Остальные члены семьи, однако, не обнаружили такого снисходительного терпения, как епископ. Иметь еретичку в семье казалось еще ужаснее, чем иметь методиста. Миссис Кассельмен, беспрекословно соглашавшаяся со всем, что читала в Библии, так же как соглашалась со всем, что ей говорили, совершенно растерялась. Майор же притащил из мезонина несколько запыленных фолиантов и стал ежедневно читать дочери вслух душеспасительные истории. Это был вопрос очень серьезный для Кассельменов, мораль и вера которых основывались главным образом на страхе ада, фурий, демонов и т. п. Сильвию взяли на три месяца из пансиона, чтобы запечатлеть эти образы в ее воображении.
В округе существовало несколько сект, постоянно враждовавших друг с другом. Но ввиду такого исключительного случая они заключили союз между собою, и делегатки от всех сект ездили утешать миссис Кассельмен, опускались в гостиной на колени вместе с Сильвией, молились за спасение ее души и проливали слезы на обитые палевым бархатом диваны из красного дерева с резными ручками.
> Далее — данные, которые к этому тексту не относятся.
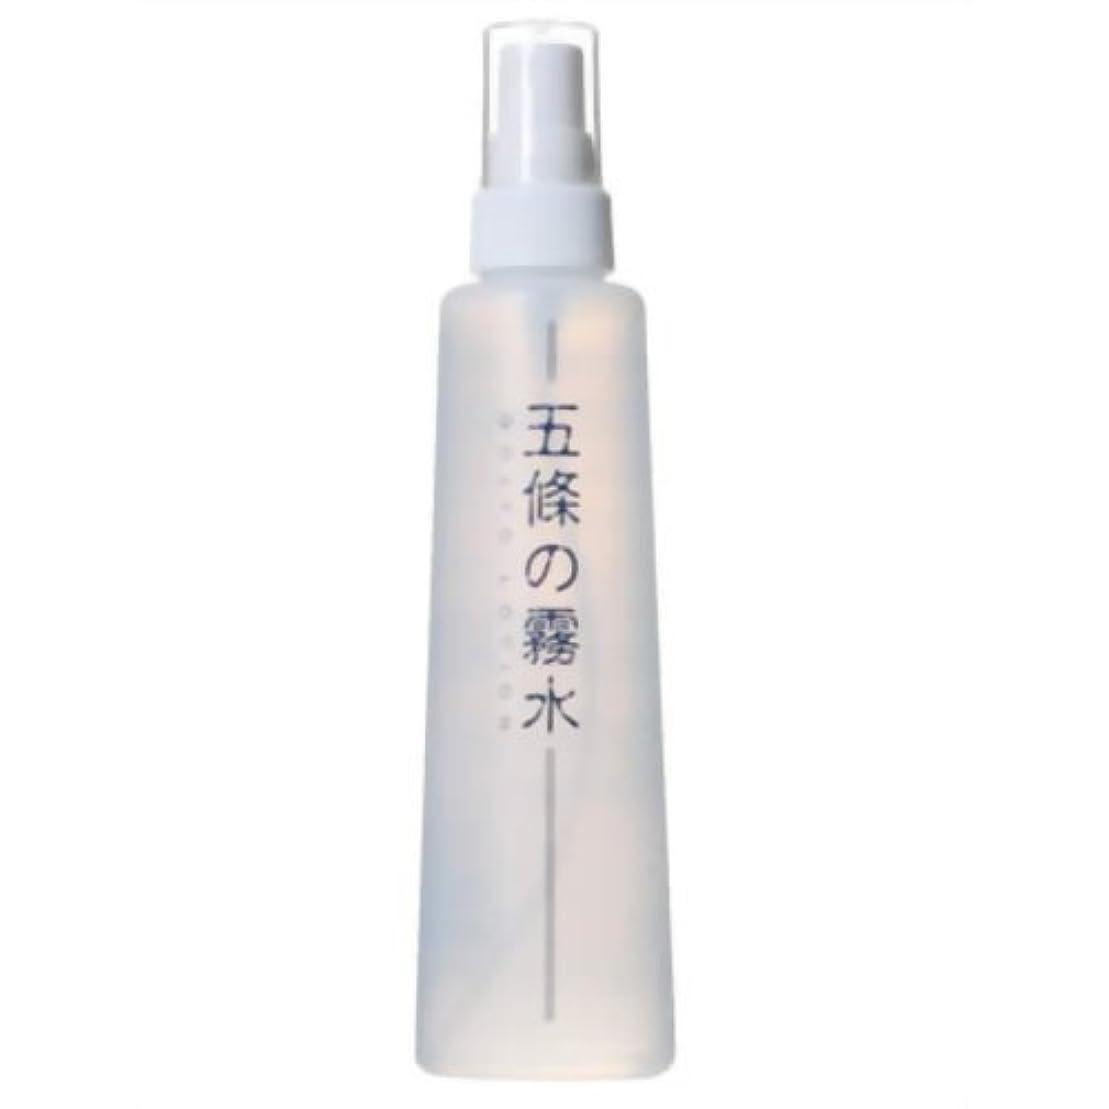 革新道路リハーサル五條の霧水ベーシック(200ml)

Дальний родственник духовного звания, молодой человек весьма приятной наружности и чрезвычайно искусный в диалоге, приглашен был затем, чтобы опровергнуть доводы своенравной девушки. В течение трех дней он зондировал душу своей пациентки, знакомясь не только с ее богословскими взглядами, но и вообще с взглядами на жизнь. И наконец заявил ей: «Дорогая Сильвия, я убежден, что вы самая опасная особа в этом округе».
Сильвия рассказала мне это и добавила: «Я никак не могла понять, что он хотел этим сказать». Но я уверяла ее, что он совершенно прав. В самом деле, он был прозорливец, этот молодой священник.
5
Все были того мнения, что Сильвия переучилась, что она знала больше, чем следовало. И поэтому семья навела справки и выбрала самый аристократический, самый дорогой пансион в Нью-Йорке, в котором Сильвия должна была завершить свое образование. Мы подошли теперь к началу светской карьеры Сильвии и урокам Леди Ди, которая, почувствовав в свои девяносто лет упадок сил, пожелала передать своей внучатной племяннице свой богатый светский опыт.
Леди Ди была одной из самых изысканных фигур Юга, одна из редких женщин, посещавших балы и вечера в возрасте, когда могла бы быть бабушкой и прабабушкой. Я видела ее портрет в восемьдесят пять лет – в шелковом бальном платье вишневого цвета, с кружевным воротником, с брильянтовой диадемой на белоснежных волосах, падавших на лоб мелкими завитками и собранных сзади пышным узлом. Представьте ее себе в кресле для инвалидов, но все с той же изысканной прической, рассказывающей Сильвии про свои девичьи годы и роняющей, как бы вскользь, – и так ловко, что девушка никогда не догадывалась об истинном ее намерении, – отдельные замечания из области стратегии и тактики женского искусства.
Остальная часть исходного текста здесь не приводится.